Run, run, run.
Some days, it feels like that’s all you do. Run the kids to school, dash to work, rush with errands, and run yourself ragged before bed. You’re always on the go, always moving, and in the new book “Never Caught” by Erica Armstrong Dunbar, your breath isn’t the only thing to catch.
Twenty-one-year-old Mulatto Betty must’ve breathed a sigh of relief.
When Martha Custis married George Washington, slaves were shuffled as the mistress moved to Mount Vernon; miraculously and notably, Betty moved and was allowed to keep her baby son with her. She was pregnant, too, by a White man with an “indenture agreement” and an eye for opportunity; their eldest daughter was born in mid-1773, and given the unusual name of Ona Maria.
At age 10, “Oney” Judge was brought inside the Washington household, in service to Martha Washington.

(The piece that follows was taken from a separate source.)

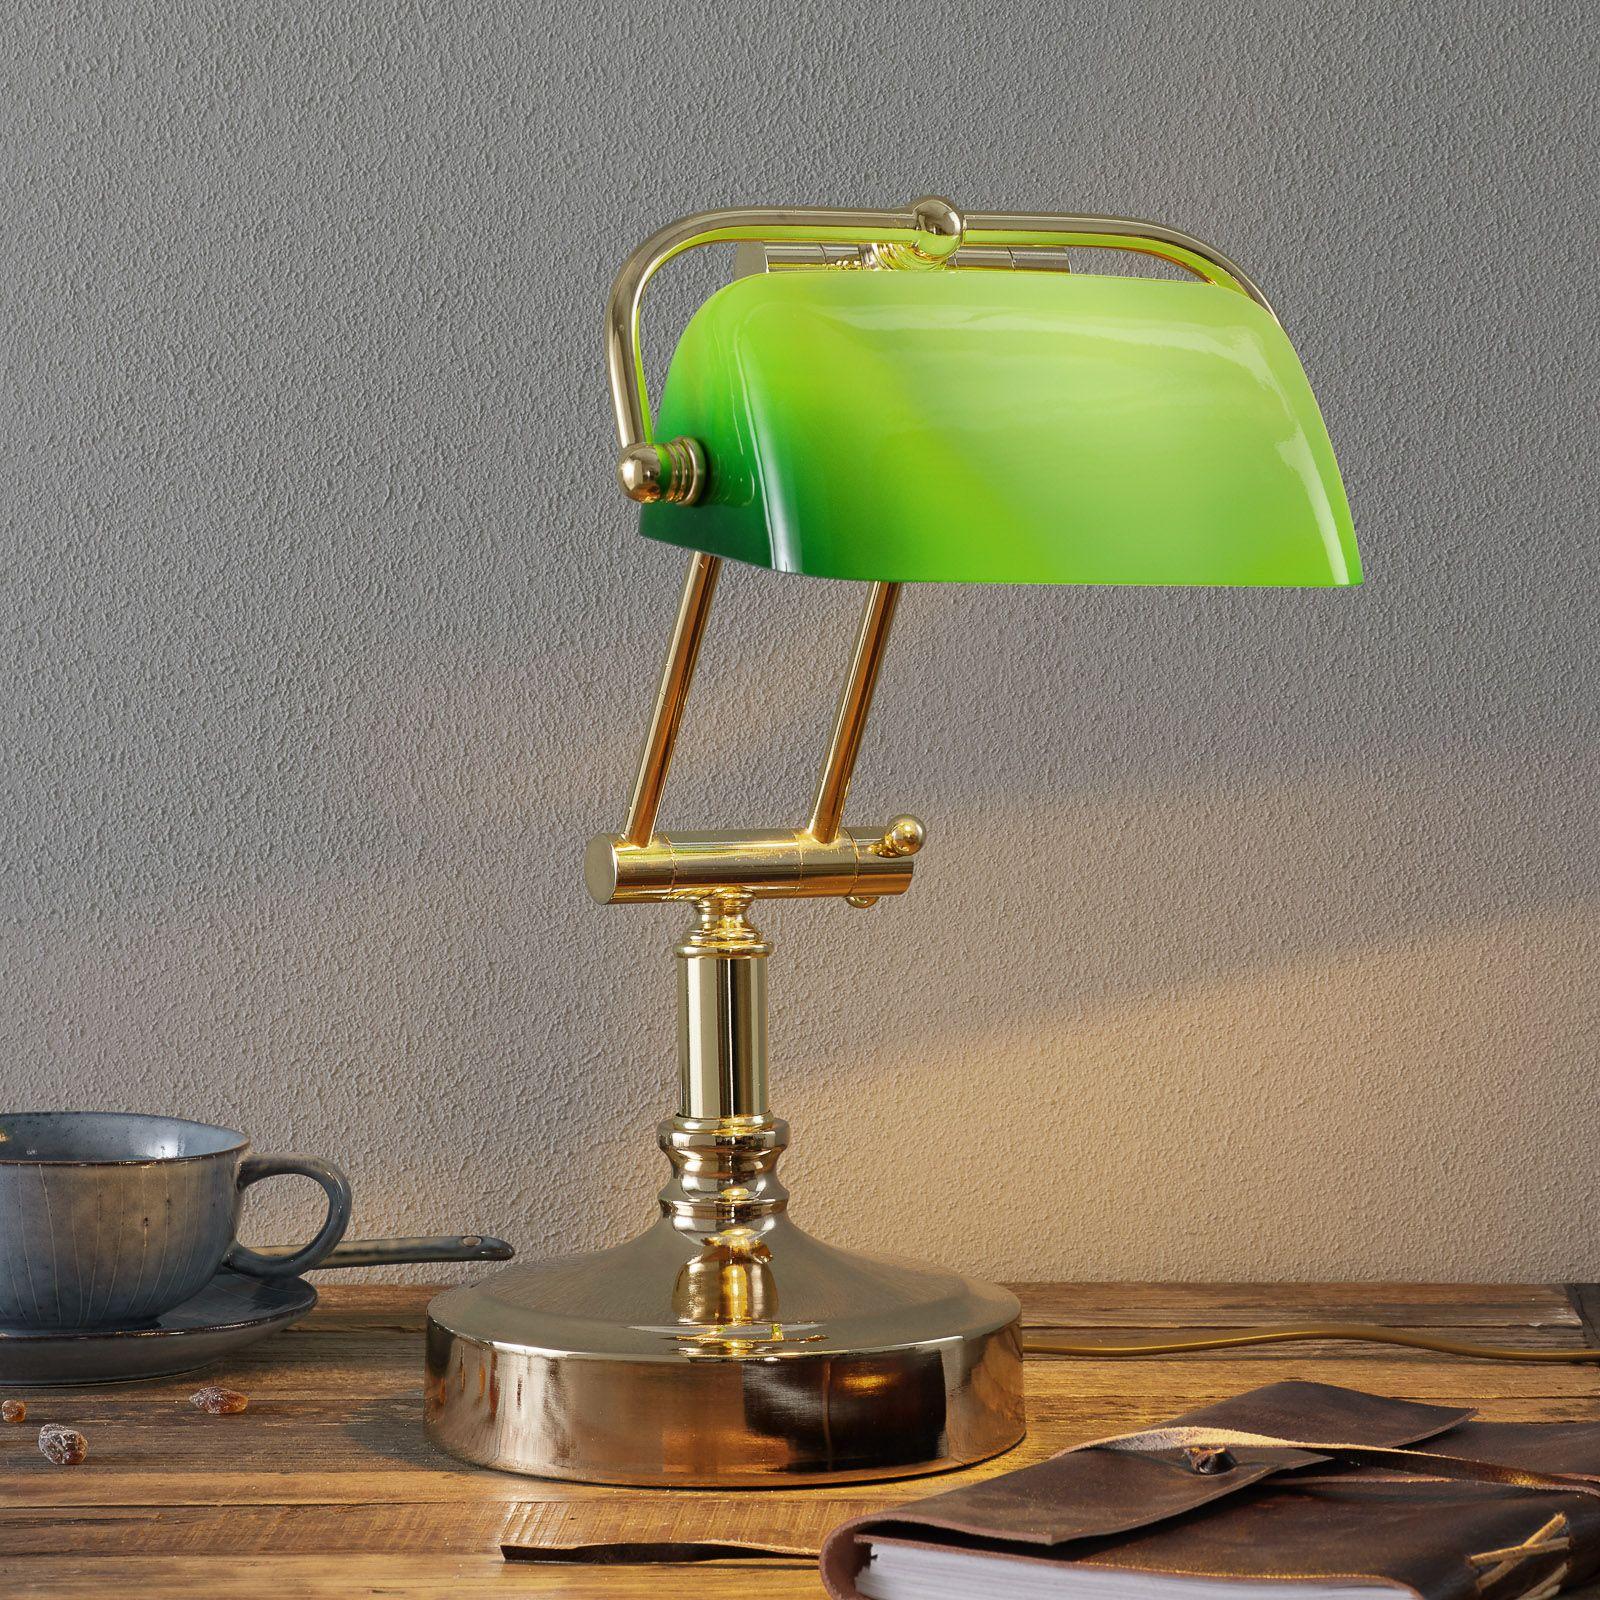 Banker S Lamp Steve With Green Lampshade In 2020 Gruner Lampenschirm Led Birnen Lampe

There, the illiterate girl learned to care for Martha’s clothing, to bathe the mistress, tend her grandchildren, and soothe anxieties—one of which was that Martha’s husband had been asked to be the nation’s first president, a post that Martha Washington wasn’t keen on—and neither was Judge.
But, of course, Washington did take the position, which meant a household move from Virginia to Manhattan (the site of the first Executive Mansion) for the family and a handful of slaves, including Judge. It’s there, says Dunbar, where Judge most certainly tasted freedom through rare autonomy.
She was undoubtedly unhappy, therefore—but couldn’t speak her mind—when the Executive Mansion was relocated to Philadelphia in 1790.